CORRELATES OF COLLEGIALITY

by Fran Pollner
Gary Nabel
Vaccine Research Center (to be, in summer 2000)

Connections and collaborations are the heart of the Vaccine Research Center (VRC), as its new director, Gary Nabel sees it and, he says, as its objectives demand. Though he is still based at the University of Michigan in Ann Arbor, where he is director of the Center for Gene Therapy and a Howard Hughes Medical Institute investigator, Nabel’s official start date as VRC director was April 11—and he’s been commuting to Bethesda, a situation that will persist until the VRC is ready for occupancy around August 2000. At that time, he will move his lab and "a dozen or so" of his colleagues—as well as some Ebola virus vaccine candidates his lab has been working on—to the VRC.
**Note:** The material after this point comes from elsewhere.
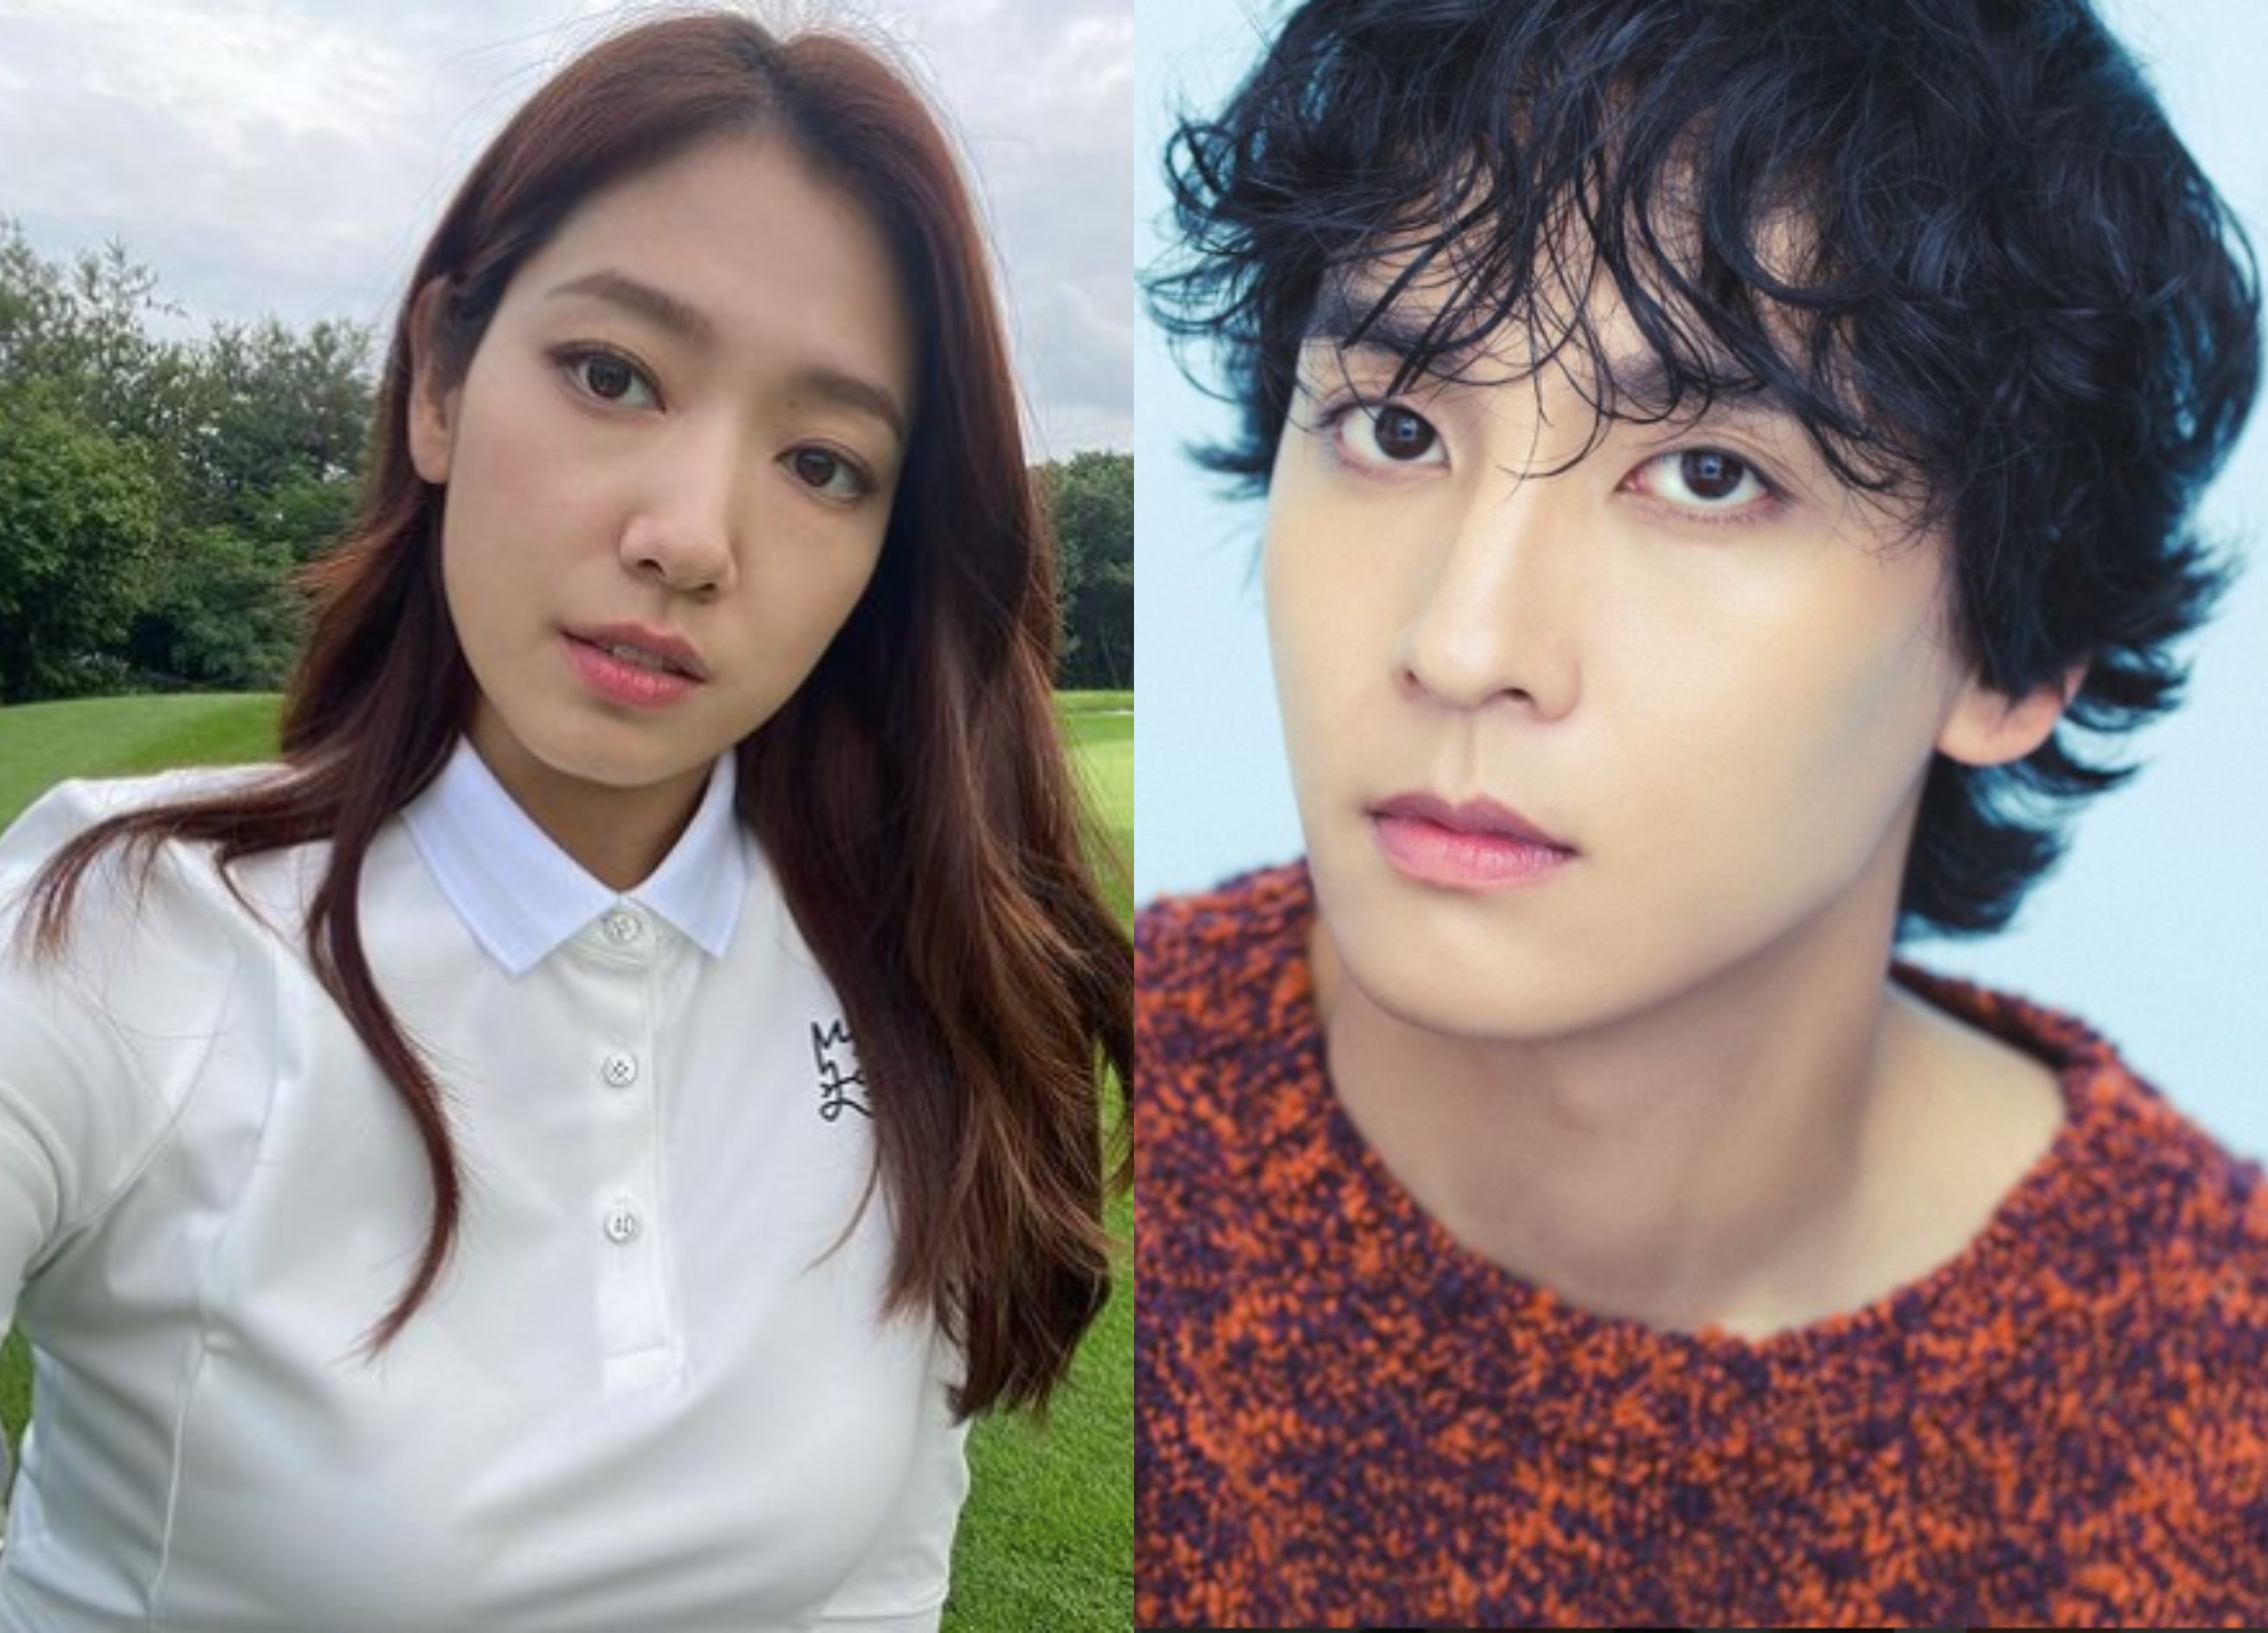 Park Shin-hye and Choi Tae-joon are engaged and expecting a baby

On campus, when the VRC rises whole from its scaffoldings, it will take its place as Building 40, adjacent to Building 37. In Nabel’s schematic view, the VRC would be an inner circle with connecting threads to surrounding circles representing the AIDS research enterprises at the NCI Frederick Cancer Research and Development Center; the intramural research programs throughout NIH that touch upon AIDS, vaccinology, immunology, virology, and other related investigations; the biotechnology and pharmaceutical industries; and, with perhaps less compelling tugs, other federal agencies and academia.
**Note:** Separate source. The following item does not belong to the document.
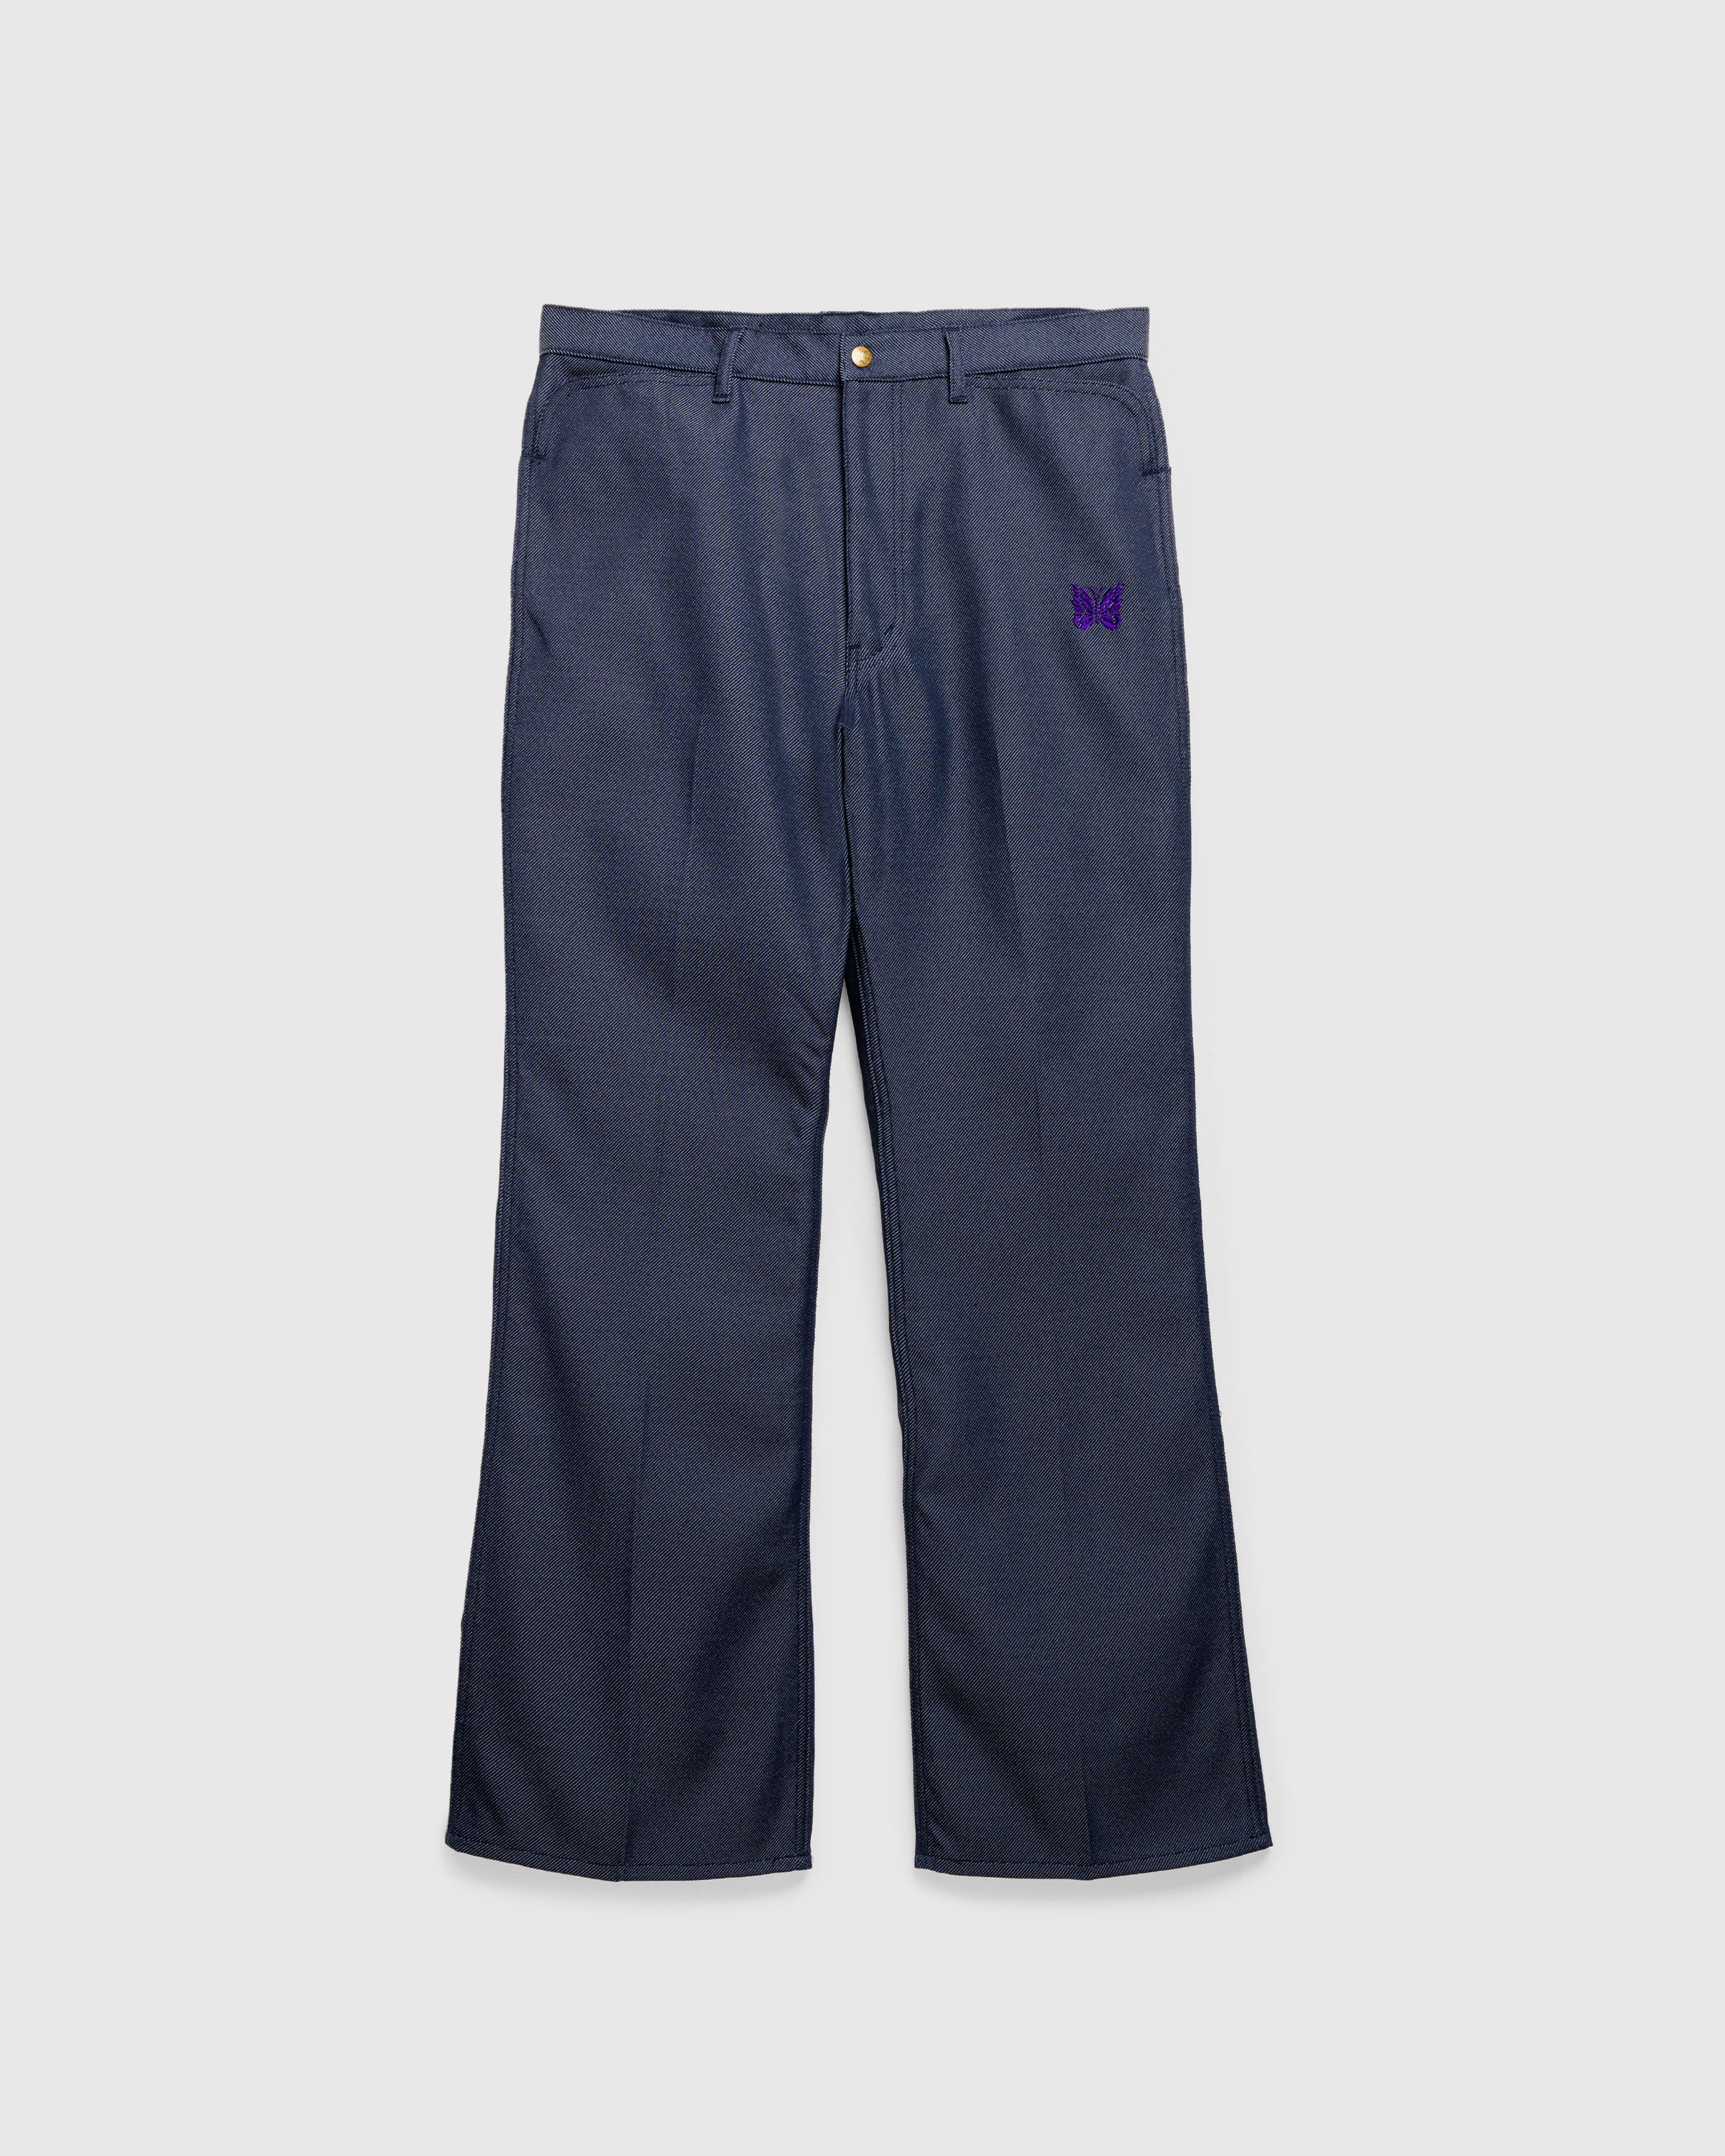 Needles – Boot-Cut Jean Poly Twill Navy - Pants - Blue - Image 1

Within the first weeks of his "arrival" here, Nabel navigated a weekend VRC strategic planning retreat and attended the semiannual meeting of the Office of AIDS Research Advisory Council (OARAC) meeting. In his presentation and discussions with OARAC members and a subsequent interview with The NIH Catalyst, Nabel addressed an array of issues related to VRC infrastructure, its relation to the rest of NIH and the vaccine marketplace, and the characteristics of an acceptable AIDS vaccine.

Inside the VRC

Though these are the "early days of assembling the VRC organization," Nabel has a pretty clear idea of the composition of the Center. Intramural investigators at NIH whose research has bearing on AIDS vaccine research will almost certainly remain in their current labs, linking into the VRC by using its core facilities, having a postdoc presence there, and attending seminars. "Our expectation is that a minority of NIH investigators will choose to come over—I actually have not met anyone yet from the intramural program who wants to. But any who do would go through the same selection process as extramural researchers who respond to our ads." Nabel estimates that 80 percent of VRC scientists will be recruited from outside NIH. "I know it’s not a trivial thing to move, but I’ve had inquiries from people who have reason to be content where they are," he comments. Anyone recruited before the VRC is ready for occupancy can begin their research "in situ" and be placed on the NIH payroll immediately. Nabel expects that when the building does open, it will be filled with many investigators whose VRC research is already in progress.

Of the 100 full-time positions available, perhaps 15 will be administrative personnel; the remainder, he said, will be researchers, probably two-thirds of whom will be involved in preclinical (virology, immunology, translational) research and one-third in clinical trials analysis and development. Much of the production work will be conducted on contract, and clinical trial activities will take place at the Clinical Research Center.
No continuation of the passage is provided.